Signed-off-by: Mike Snitzer <[email protected]>
Cc: [email protected]
---
block/blk-settings.c | 4 ++--
include/linux/blkdev.h | 5 ++---
2 files changed, 4 insertions(+), 5 deletions(-)
diff --git a/block/blk-settings.c b/block/blk-settings.c
index f1a1795..aa02247 100644
--- a/block/blk-settings.c
+++ b/block/blk-settings.c
@@ -574,7 +574,7 @@ int blk_stack_limits(struct queue_limits *t, struct queue_limits *b,
bottom = max(b->physical_block_size, b->io_min) + alignment;
/* Verify that top and bottom intervals line up */
- if (max(top, bottom) & (min(top, bottom) - 1)) {
+ if (max(top, bottom) % min(top, bottom)) {
t->misaligned = 1;
ret = -1;
}
@@ -619,7 +619,7 @@ int blk_stack_limits(struct queue_limits *t, struct queue_limits *b,
/* Find lowest common alignment_offset */
t->alignment_offset = lcm(t->alignment_offset, alignment)
- & (max(t->physical_block_size, t->io_min) - 1);
+ % max(t->physical_block_size, t->io_min);
/* Verify that new alignment_offset is on a logical block boundary */
if (t->alignment_offset & (t->logical_block_size - 1)) {
diff --git a/include/linux/blkdev.h b/include/linux/blkdev.h
index 038b40f..e077b92 100644
--- a/include/linux/blkdev.h
+++ b/include/linux/blkdev.h
@@ -1279,10 +1279,9 @@ static inline int queue_alignment_offset(struct request_queue *q)
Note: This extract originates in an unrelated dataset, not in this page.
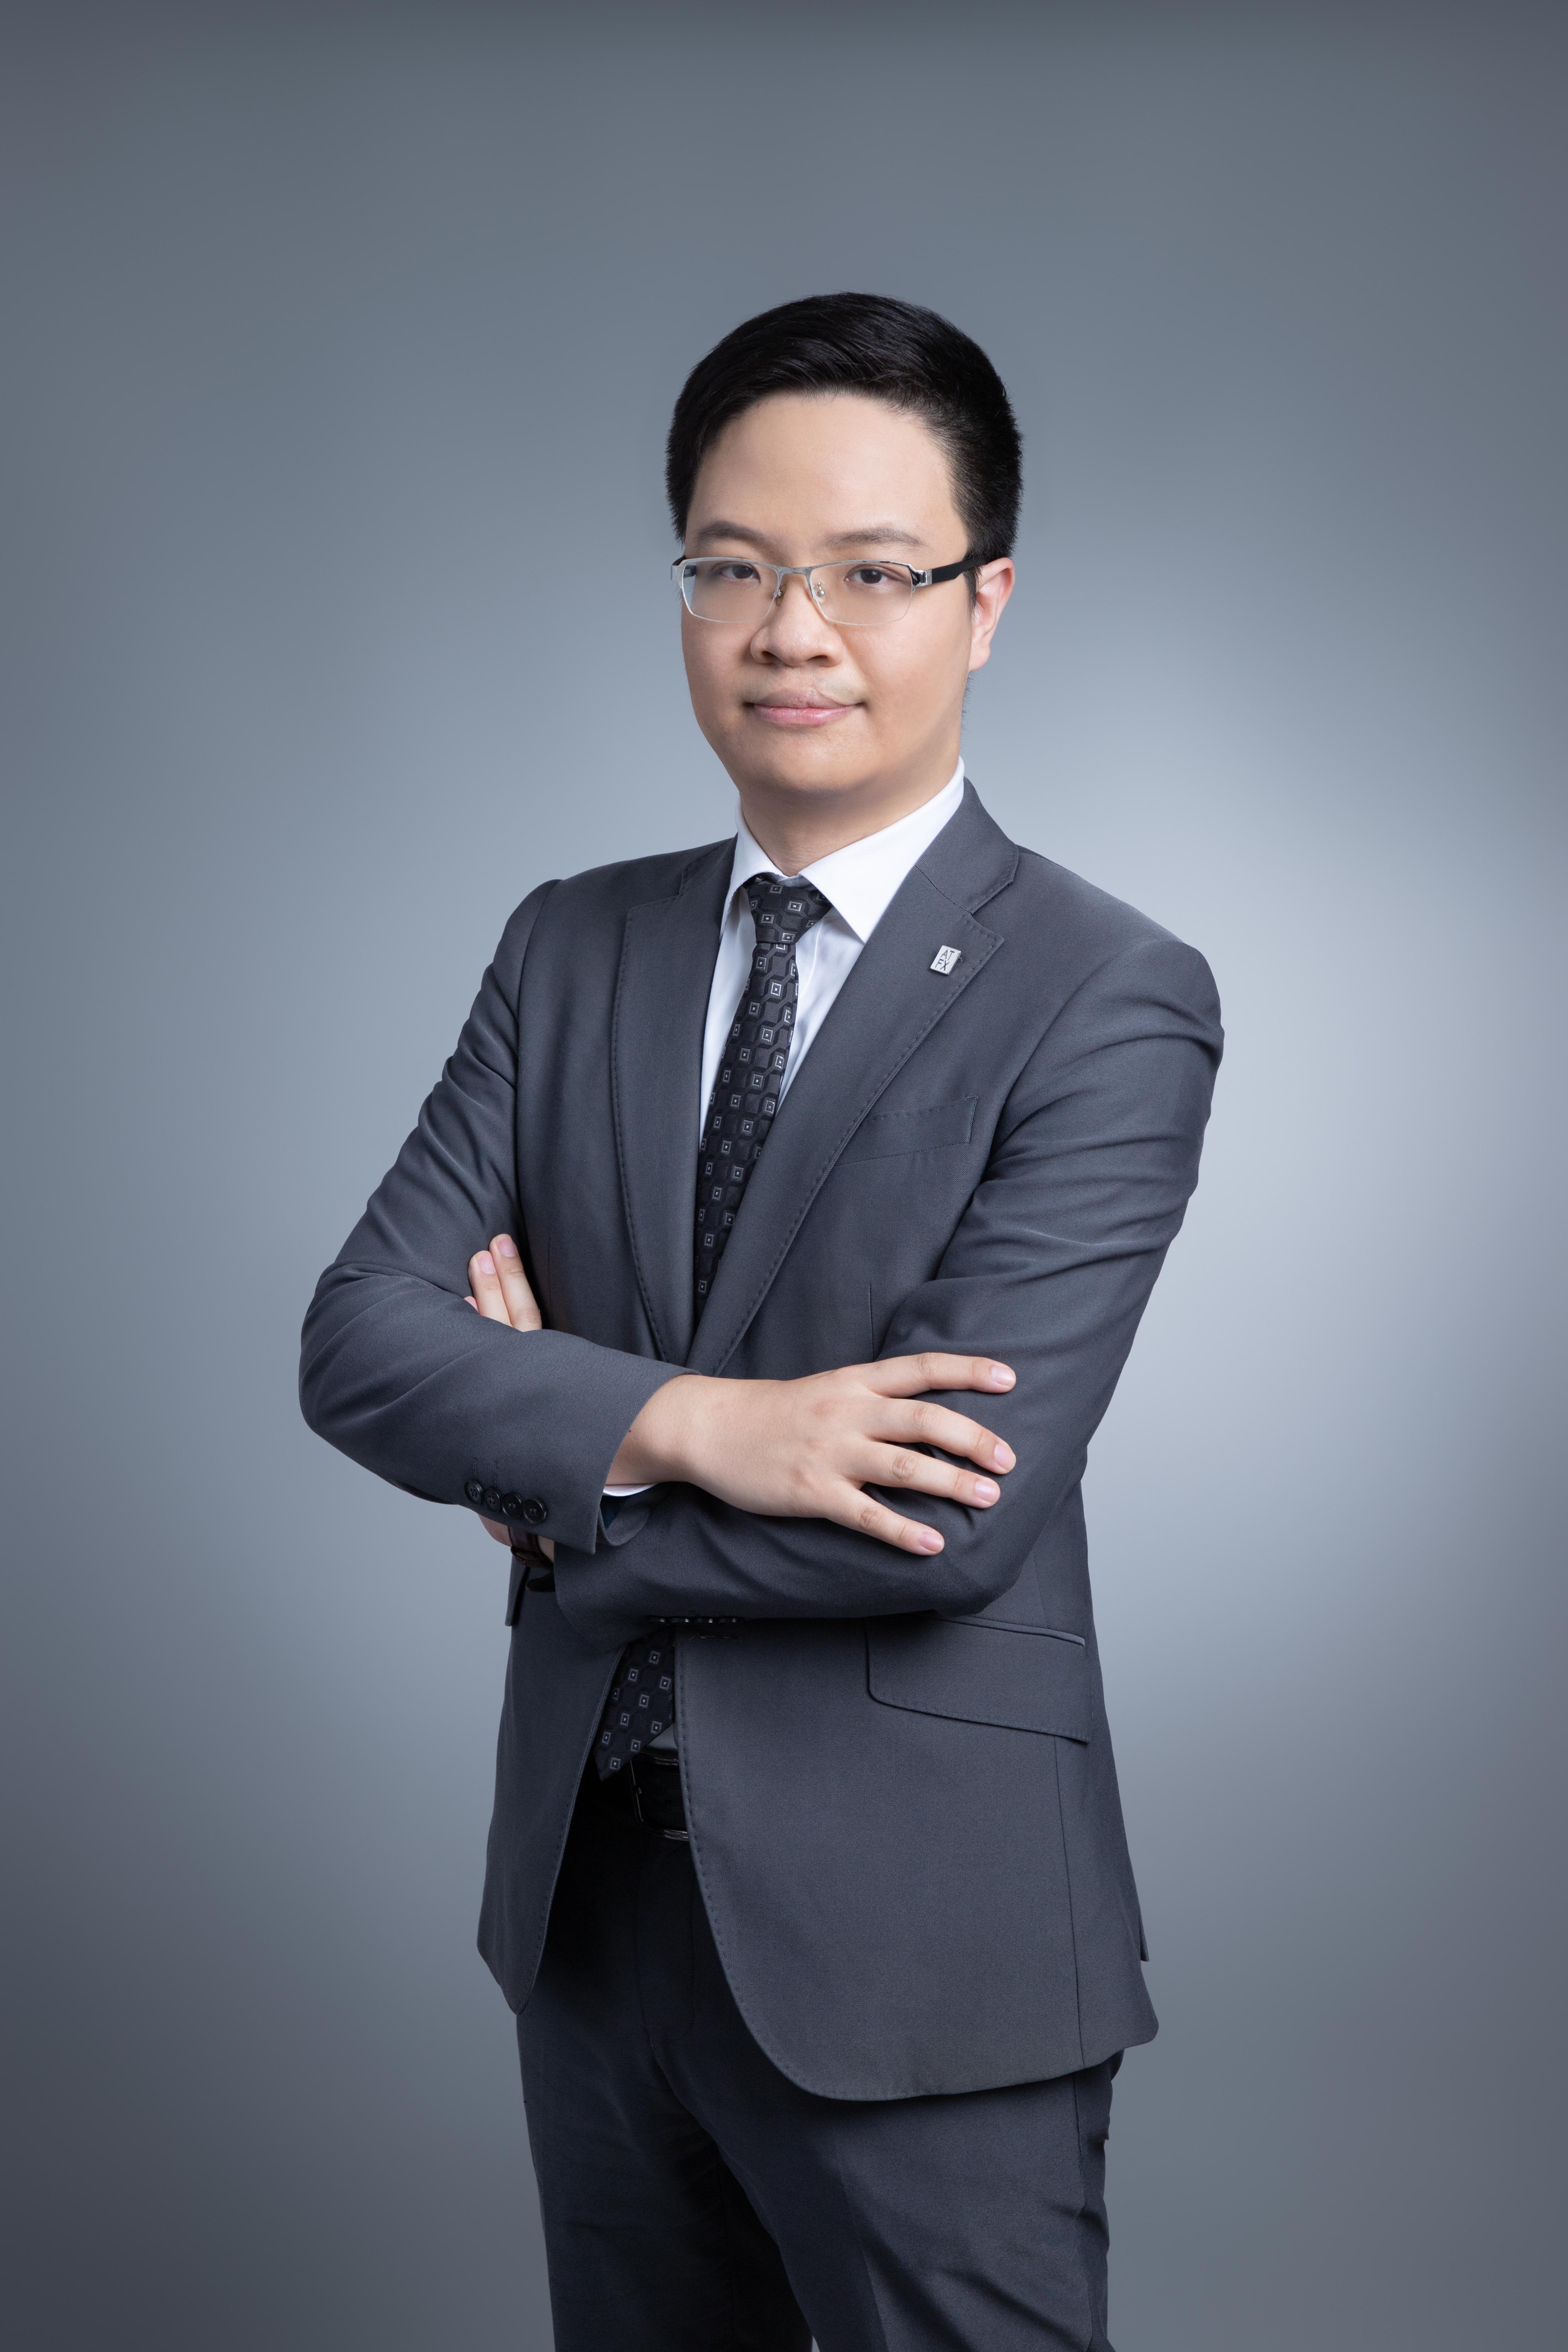 Jeffrey Siu
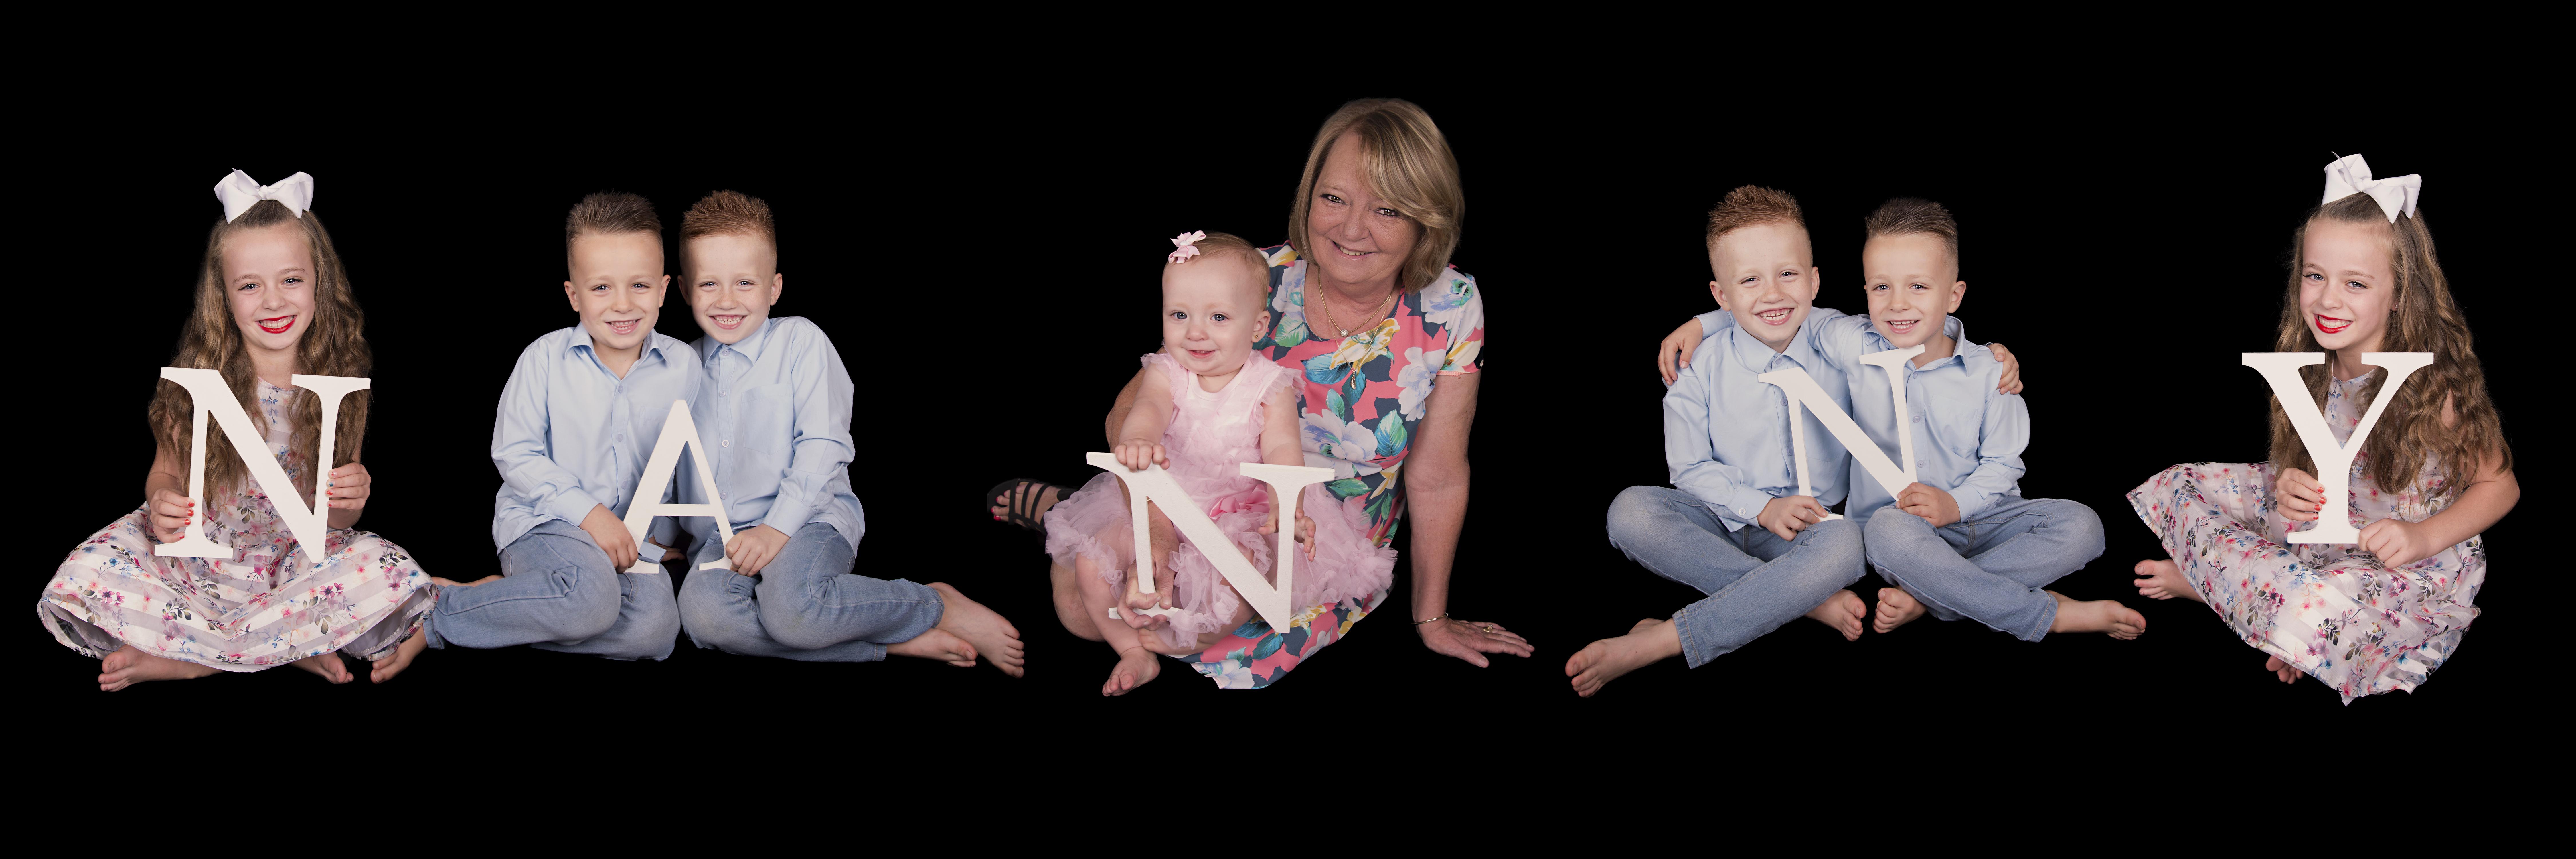 Family Photographer, Basildon

static inline int queue_limit_alignment_offset(struct queue_limits *lim, sector_t sector)
{
unsigned int granularity = max(lim->physical_block_size, lim->io_min);
- unsigned int alignment = (sector << 9) & (granularity - 1);
+ unsigned int alignment = sector_div(sector, granularity >> 9);
- return (granularity + lim->alignment_offset - alignment)
- & (granularity - 1);
+ return (granularity + lim->alignment_offset - alignment) % granularity;
}
static inline int bdev_alignment_offset(struct block_device *bdev)
--
1.8.3.1
On 10/08/2014 04:05 PM, Mike Snitzer wrote:
> The math in both blk_stack_limits() and queue_limit_alignment_offset()
> assume that a block device's io_min (aka minimum_io_size) is always a
> power-of-2. Fix the math such that it works for non-power-of-2 io_min.
>
> This issue (of alignment_offset != 0) became apparent when testing
> dm-thinp with a thinp blocksize that matches a RAID6 stripesize of
> 1280K. Commit fdfb4c8c1 ("dm thin: set minimum_io_size to pool's data
> block size") unlocked the potential for alignment_offset != 0 due to
> the dm-thin-pool's io_min possibly being a non-power-of-2.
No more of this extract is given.